From Bobby Brown to Elijah Clark: An Intensive Cultural Resources Survey of an 8,250 Acre Timber Harvest Area, Thurmond Lake, Elbert, Lincoln, & Wilkes Counties, Georgia

Report Number
1957
Year of Publication
1997
Abstract

Under a continuing services contract with the U.S. Army Corps of Engineers, Savannah District (COE), Panamerican Consultants, Inc. conducted an intensive cultural resources survey of 3,338.7 ha (8,250 a.) of proposed timber harvest lands owned or managed by the COE along upper Thurmond Lake (formerly Clarks Hill Reservoir) in Elbert, Lincoln, and Wilkes Counties, Georgia. This lower Piedmont locality is part of the upper Savannah River Basin and includes the mouths of a number of significant perennial tributaries, including the Broad River, Coody Creek, Newford Creek, Pistol Creek, and Murry Creek.
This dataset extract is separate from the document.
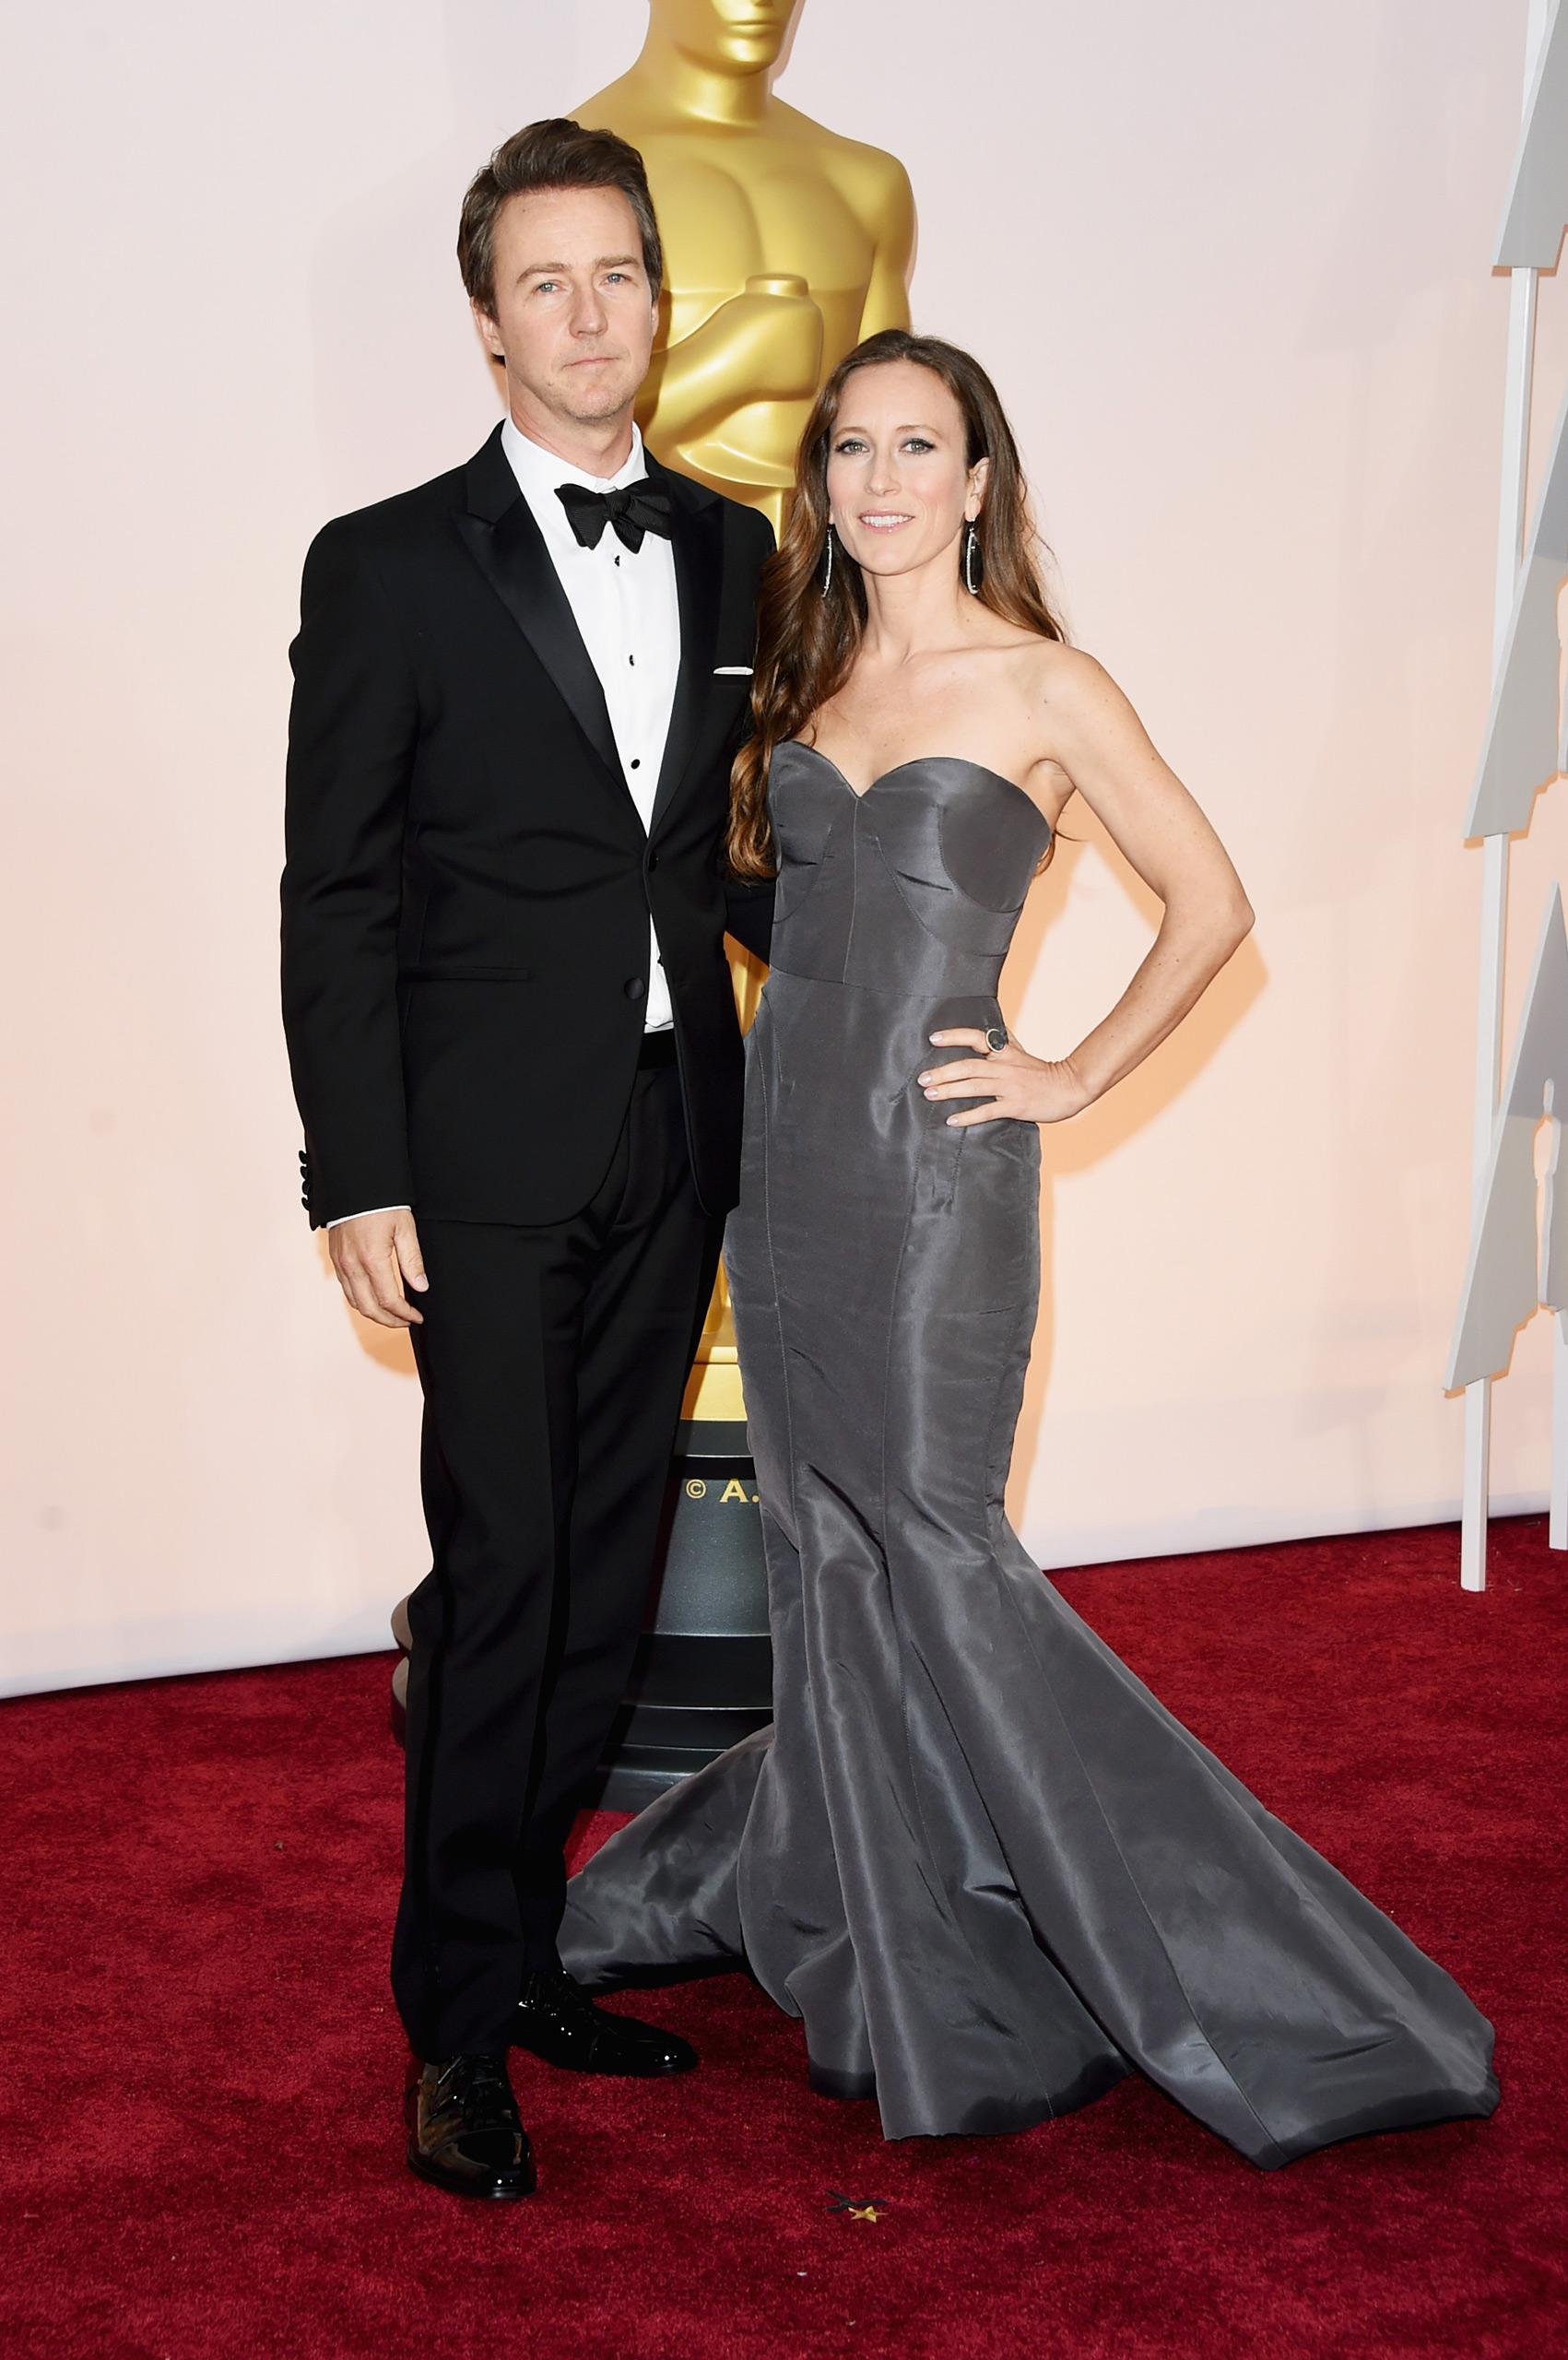 Ed Norton and Shauna Robertson attend the 87th Annual Academy Awards on Feb. 22, 2015 in Hollywood, Calif.

The principal result of these investigations was the documentation of 446 newly recorded archaeological sites and the revisitation and documentation of 12 previously recorded sites. Sixty-one sites within this suite are recommended as potentially eligible for NRHP nomination, one site's status is unknown because it is submerged, and the remaining 396 sites and isolated finds are recommended as ineligible. A continuous sequence of components was documented spanning virtually the entire record of human occupation in the Savannah Basin, from Late Paleomdian Dalton to the abandonment of the study area in the 1950s. The study generated an impressive prehistoric assemblage containing over 5,300 artifacts, including 132 typed projectiles, several soapstone and ceremonial artifacts, and numerous ceramics, in addition to over 1,900 historic artifacts.